A more primitive varient of this is actually the basis of the proof for Fermat's little theorem, it's simple enough to prove primes have the coefficients, that hard part is proving only primes do it.
(0-1)^2-(0^2-1)=-1 and -1 is not divisible by 2, 0^2-2*0^2+2*0-1=0, (-1-1)^2-(-1^2-1)=-3 and -3 is not divisible by 2, -1^2-2*-1^2+2*-1-1=0. Moral 0 and numbers less proves some math theories wrong.
I remember learning somewhere that if you take the highest known prime number (let's pretend it's 13) and factorial it (multiply it by every previous number, 1x2x3.........x13) and either +1 or -1 (I can't remember which) you get a new prime number. 13! -1=6,227,020,799 13! +1=6,227,020,801 So if I remember correctly one of those should be prime. Was that the Theorem he was talking about in this video?
Not for the first time watching Numberphile, my mind is blown. But it leaves me wondering why it's 100% certain? Perhaps that's a much more advanced, more difficult thing to explain than the result, which is certainly interesting enough on its own. Or perhaps that's coming soon. Or perhaps I've missed something obvious. (Wouldn't be the first time for that, either...)
'If you have a p.'
*writes x*
You've lost me.
x marks the spot
and then you still watch more to see if it becomes any easier... alas no.
@@JasonKaler I don't even see how this is faster. From a programming perspective this, this would be insanely slow with big numbers.
Bro same
I can appreciate the need to make the calculation faster, but I was kind of hoping they'd just made a *really* huge Pascal's Triangle to figure things out with.

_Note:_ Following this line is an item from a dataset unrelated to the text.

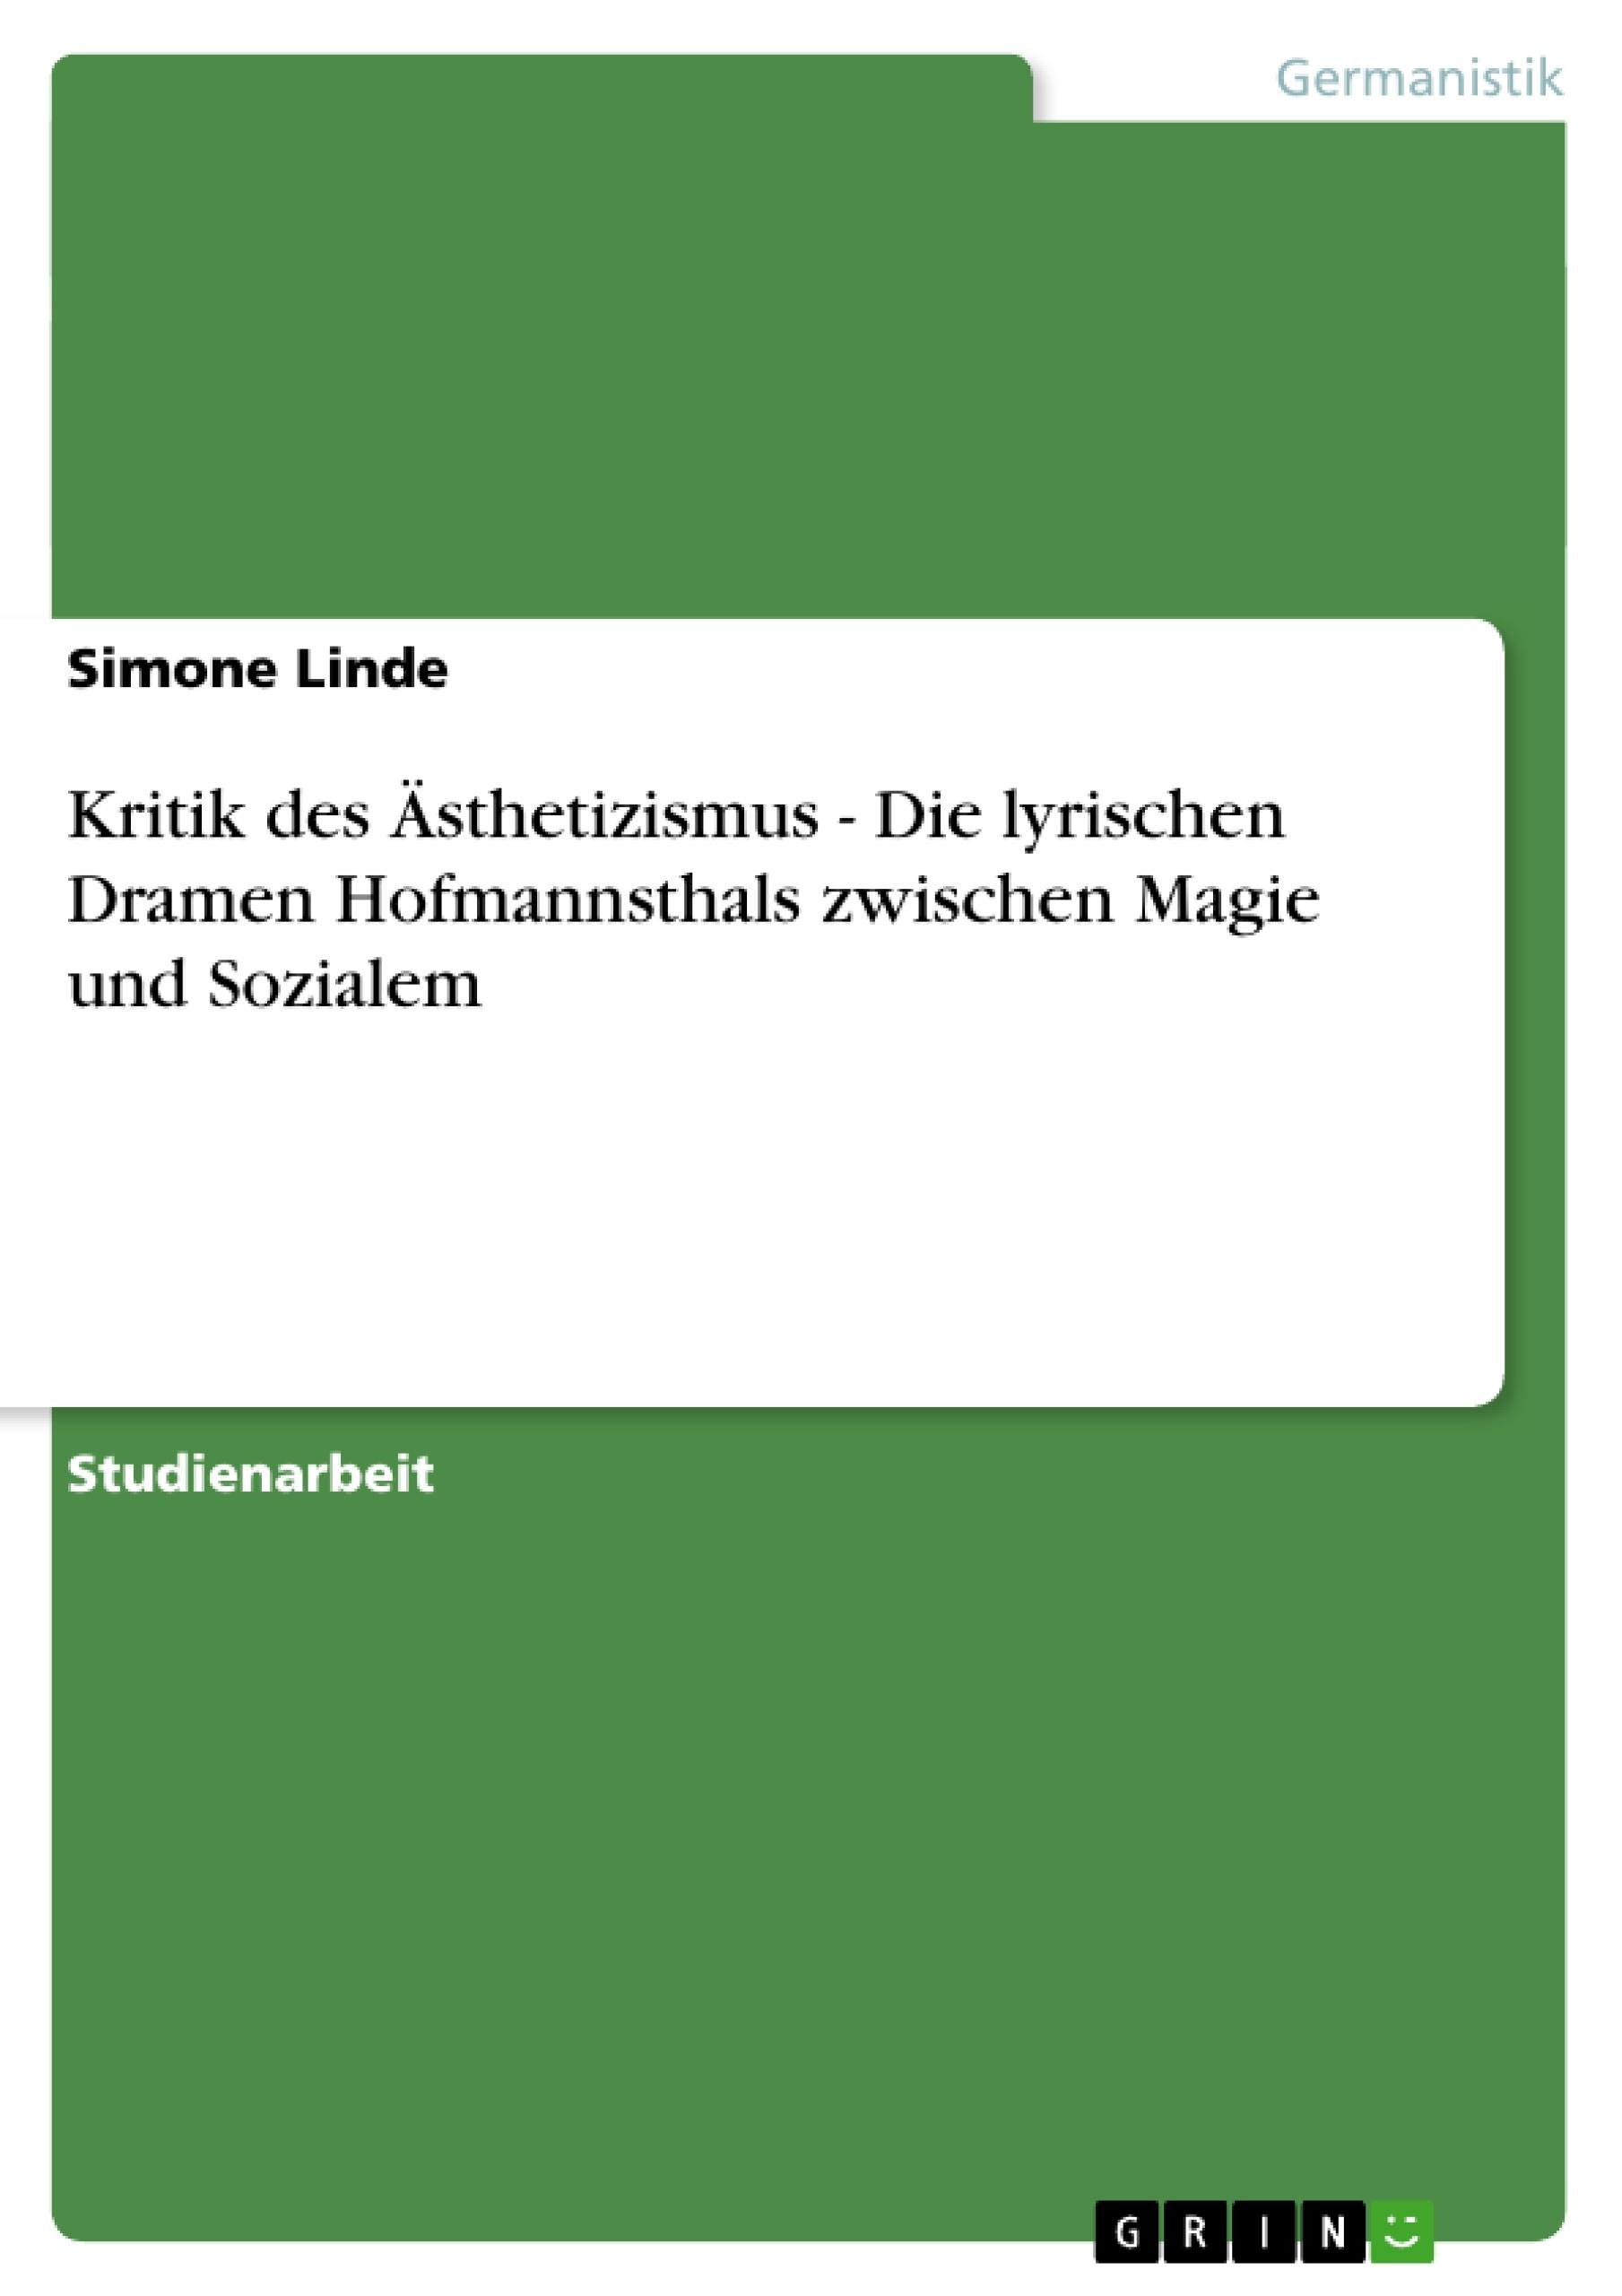 Titel: Kritik des Ästhetizismus - Die lyrischen Dramen Hofmannsthals zwischen Magie und Sozialem

Binomial Theorem. Instant Pascal.
@@mirmarq429 not really?
This would take exponential space and exponential time for an n-bit candidate prime, far slower than the O(n^6) AKS test, let alone the GRH dependent (probably correct) O(n^4) Miller test, and the many much faster probabilistic O(n^2) tests, or special-form tests such as Lucas-Lehmer which is also O(n^2) (where O means soft-O notation)
@@marios1861 yes really. do some maths bro.
@@Chainless_Slave7 the recursion needed to construct a pascal triange is encapsulated through the factorial operator of the binomial theorem, thus it is not "instant". Learn some math _bro_
in other words, if the (p+1)th row of pascals triangle only contains multiples of p (excluding the 1s on either end), then p is prime?
I was thinking the same thing
So you're counting from the peak, C(0,0) = 1? So that the (p+1)st row is C(p,k), for k = 0...p.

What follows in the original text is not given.